This is the second of six observations on writing craft
In the previous post I focused on dialogue, because that’s where the power of leaving space for the reader is most immediately apparent to me as a reader. However, another place I’ll notice whether I’m invited to participate in the story or not is in the opening scene – the opening lines, even.
We all want to nail the beginning of our story, because we want the reader to stick with us. I think writing for an investigative reader is a useful tool for doing this.
The beginning of a story is when we have to introduce a lot of brand new information to the reader. With every solid piece of information we tell the reader – the markers that give them a sense of where they are – we have a choice about whether we give them room to start putting the shape of the world together themselves, or whether we draw it for them.

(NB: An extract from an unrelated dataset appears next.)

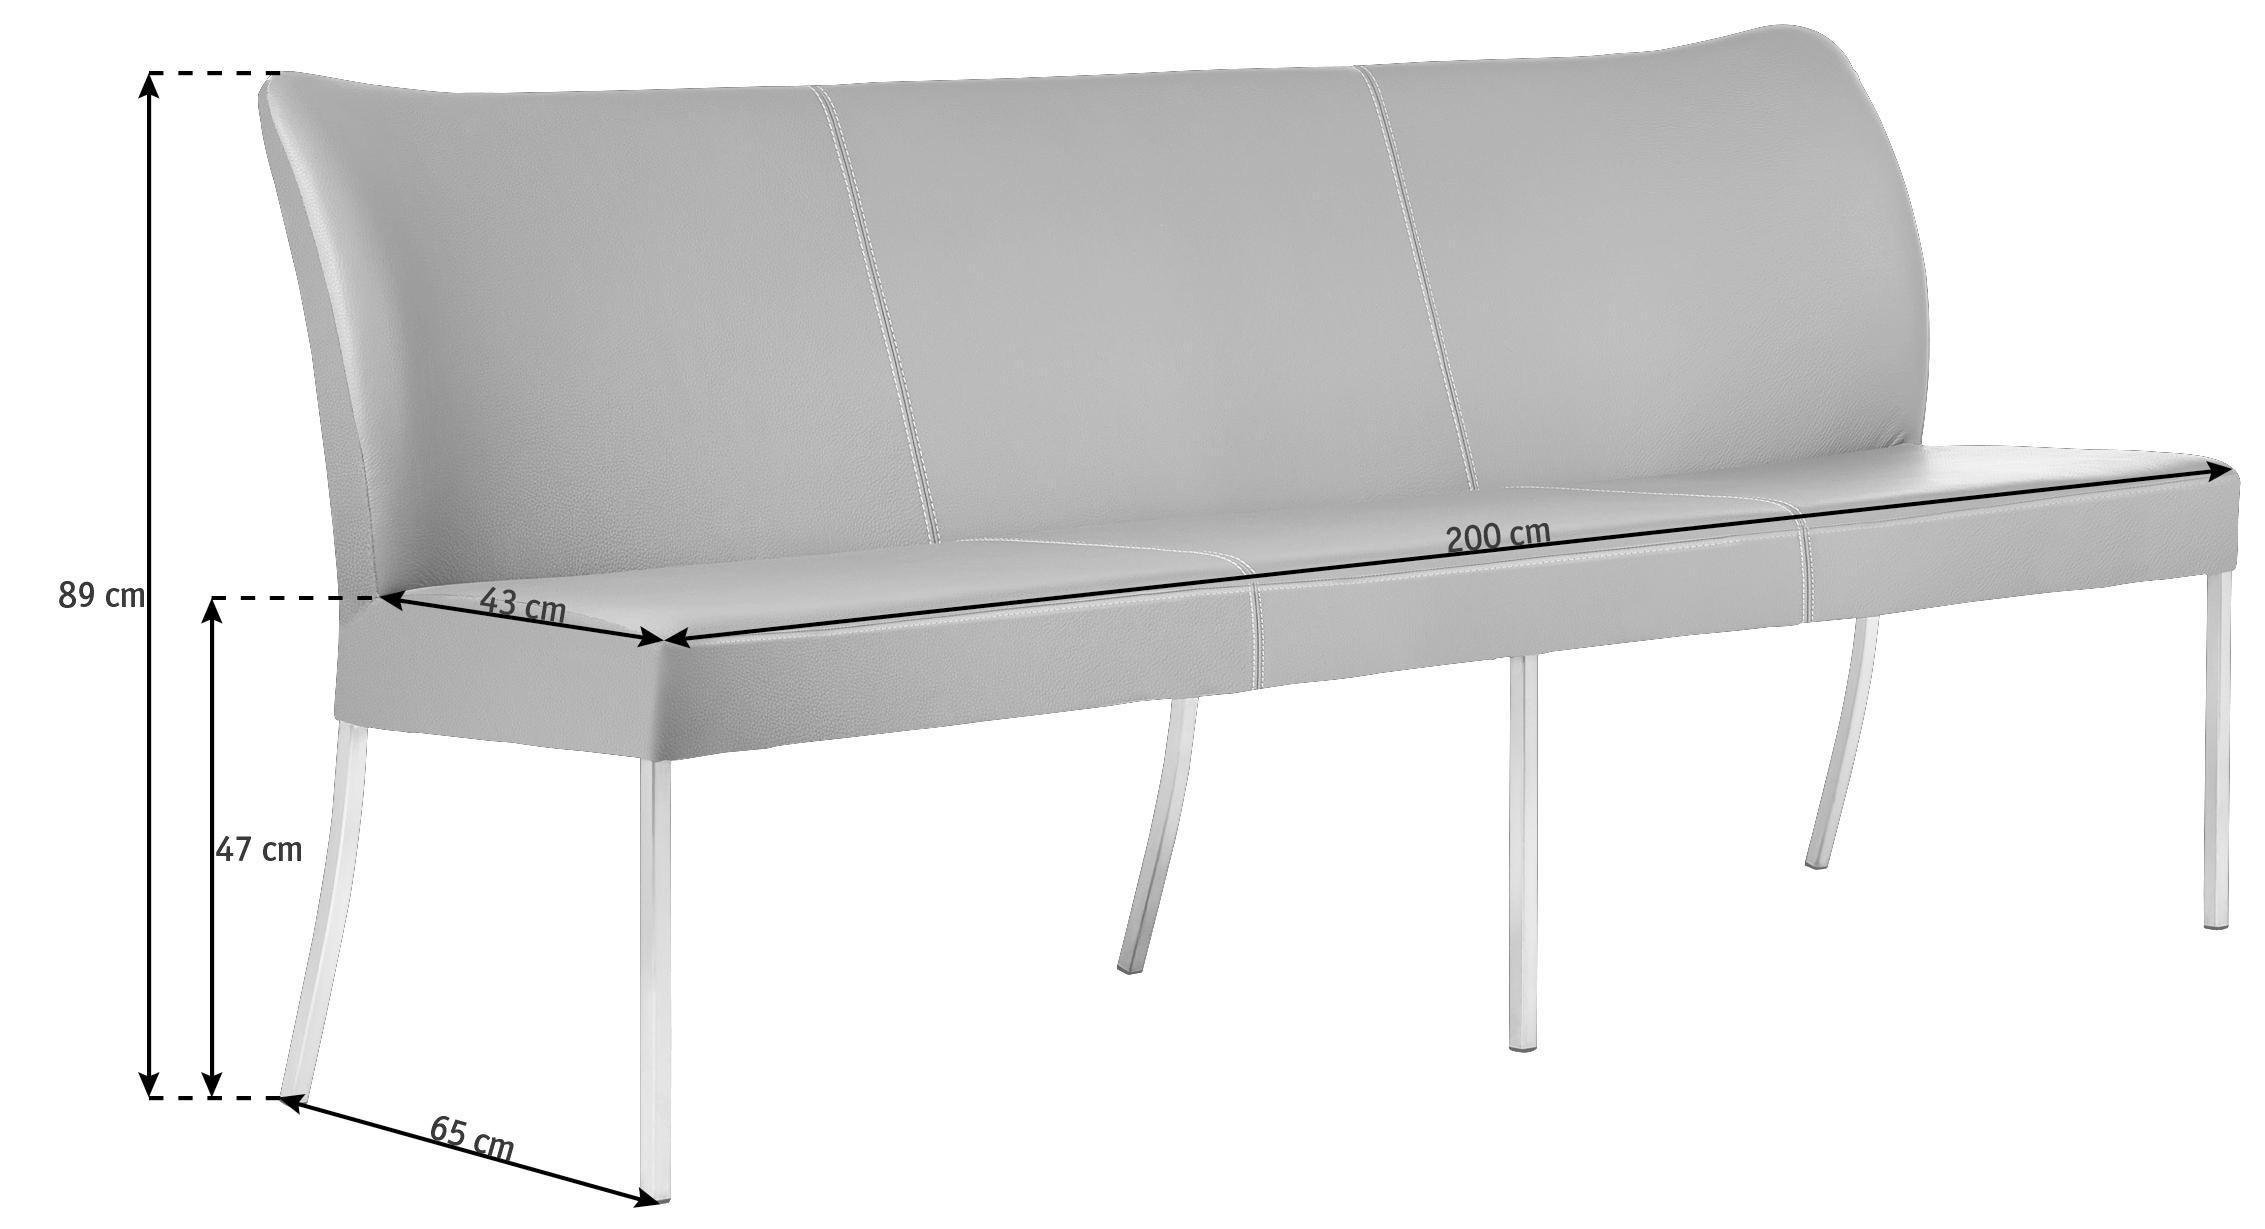 SITZBANK Echtleder Edelstahlfarben, Grün - Edelstahlfarben/Grün, Design, Leder/Metall (200cm) - BERT PLANTAGIE

There’s a fine balance between statement and question in writing, which I don’t fully understand, but which I’m aware of navigating while I write. When is it more powerful to make a statement – to ‘just say the thing’ – and when is it more powerful to ask the reader to figure it out? But for this post I’ll say, simplistically: Each question arises from and is anchored to a solid fact.
An example:
Stating the fact and the answer together (and thus leaving nothing for the reader to do) might look like: She needed to feel bold today, so she wore her brightest lipstick.
Stating the fact that gives rise to a question might look like: She’d chosen her boldest lipstick.
Readers will immediately start to think about why she’s wearing her boldest lipstick. The most obvious reason – that she wants to feel confident – will occur to the reader, almost unconsciously. Even just working on that level, it’s a detail that will invite readers in, rather than shut them out.
But what if she’s meeting her mum and as soon as her mum sees the lipstick she becomes disapproving? The reader connects those two pieces of information and comes up with a world of detail.
Yes, she needed to feel confident, but she was also intentionally rubbing her mum up the wrong way. It shows us how she feels about that relationship (like she’ll never get her mum’s approval, like she desperately wants her mum to see her). It raises questions about their relationship (what went wrong between them?). It shows that what she tells us and what’s true aren’t necessarily the same thing. It leaves room for some really tender emotion to enter the narrative.
This thought process can be applied to every new detail that is given or purposely omitted at the beginning of the story. Some of those details are character details, like the example above. Some will be plot details, where we have to think about how much solid information the reader needs to feel situated in the story and how much we want to leave for them to guess at – which questions we want them to be asking.